Dell Solutions for Azure Stack HCI stretched clusters offer distinct network topologies that are validated with the following stretched cluster configurations:
- Basic configuration
- High throughput configuration
Basic configuration sees a network topology that requires minimal changes to a traditional single-site Azure Stack HCI configuration. This configuration uses a single network/fabric for management, VM, and replication traffic, keeping host networking simple. The customer network team must configure quality of service (QoS) on an external firewall or routers to throttle inter-site bandwidth and thereby ensure that Replica/VM traffic does not saturate the Management network.
High throughput configuration suits customer environments that are dense and involves higher write IOPs compared to a basic configuration. This configuration requires a dedicated channel (network interface cards (NICs) or fabric) for Replica traffic (using SMB-Multichannel). This network topology should be used only if inter-site bandwidth is higher than 10 Gbps. The network team must configure multiple static routes on the host to ensure that Replica traffic uses the dedicated channel that has been created for it. If the customer environment does not use Border Gateway Protocol (BGP) at the ToR layer, static routes are needed on the L2/L3 to ensure that the Replica networks reach the intended destination. Subsequent sections of this guide provide more information about the expectations of customer networking teams.

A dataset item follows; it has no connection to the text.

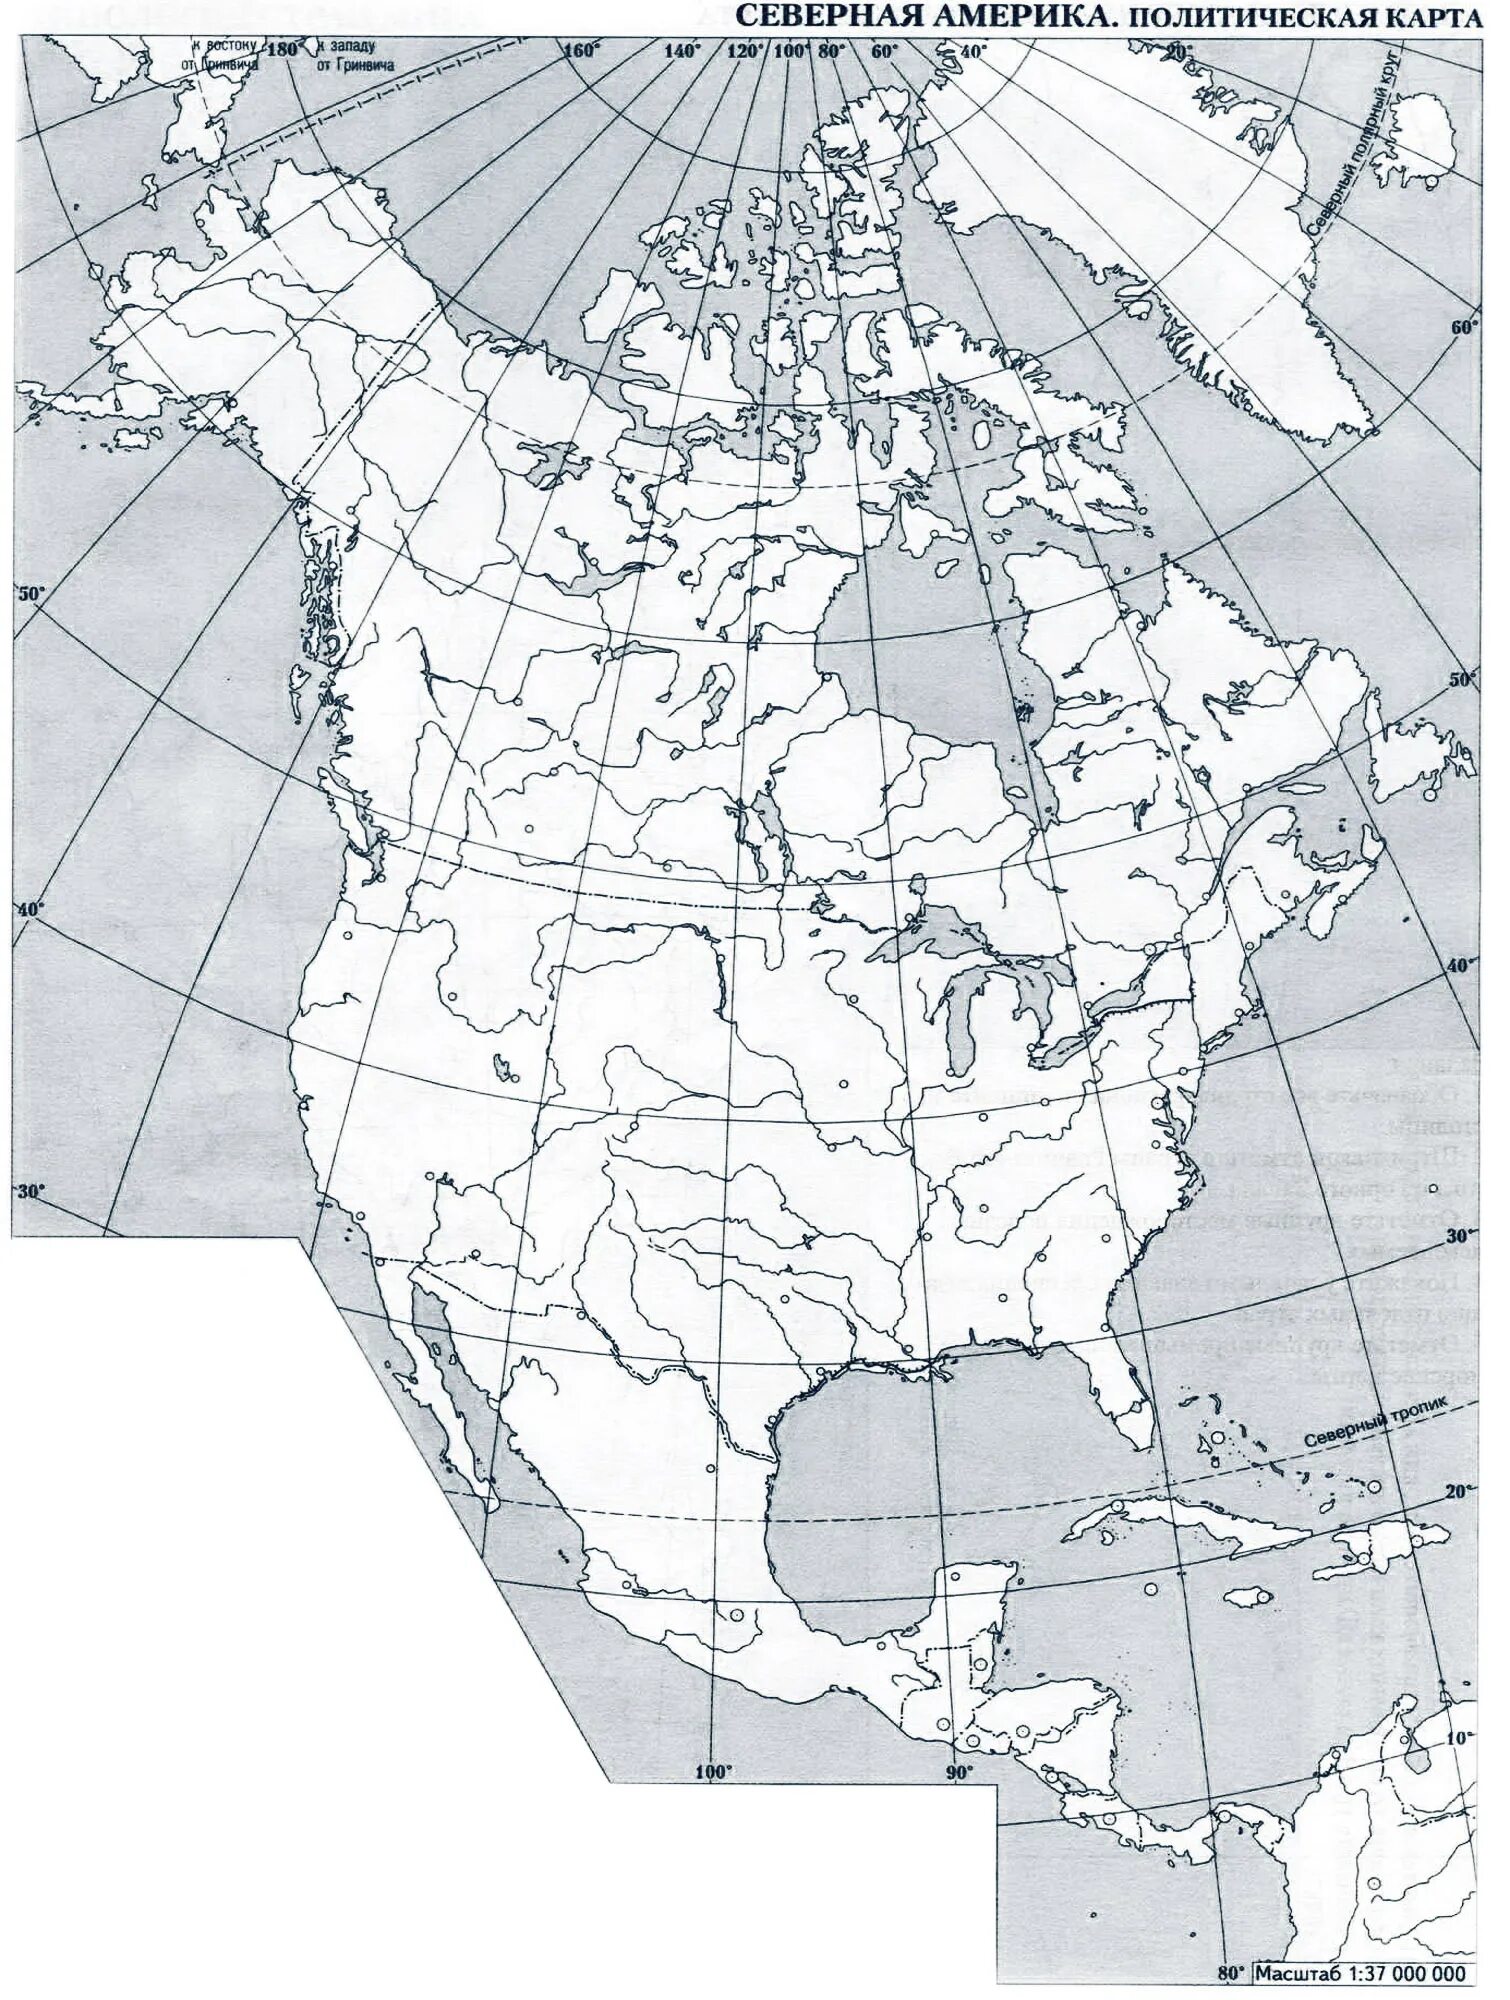 Тест по теме северная америка 2 вариант. Физическая карта Северной Америки контурная карта. Пустая карта Северной Америки. Карта Северной Америки контурная карта 7 класс. Политическая контурная карта Северной Америки.

A stretched cluster environment has two storage pools, one per site. In both topologies described in the preceding section, storage traffic requires Remote Direct Memory Access (RDMA) to transfer data between nodes within the same site. Because Storage and Replica traffic produces heavy throughput on an all-flash or NVMe configuration, we recommend that you keep the Storage traffic on separate redundant physical NICs.
This table shows the types of traffic, the protocol used, and the recommended bandwidth:
Types of traffic | Protocol used | Recommended bandwidth |
Management | TCP | 1/10/25 Gb |
Replica | TCP | 1/10/25 Gb |
Intra-site storage | RDMA | 10/25 Gb |
Compute Network | TCP | 10/25 Gb |
Here are some hovers over consider about network configuration:
- Management traffic uses Transmission Control Protocol (TCP). Because management traffic uses minimal bandwidth, it can be combined with Storage Replica traffic or even use the LOM, OCP, or rNDC ports.
- VM Compute traffic can be combined with management traffic.
- Inter-site Live Migration traffic uses the same network as Storage Replica.
- Storage Replica uses TCP as RDMA is not supported for replica traffic over L3 or WAN links. Depending on the bandwidth and latency between sites and the throughput requirements of the cluster, consider using separate redundant physical NICs for Storage Replica traffic.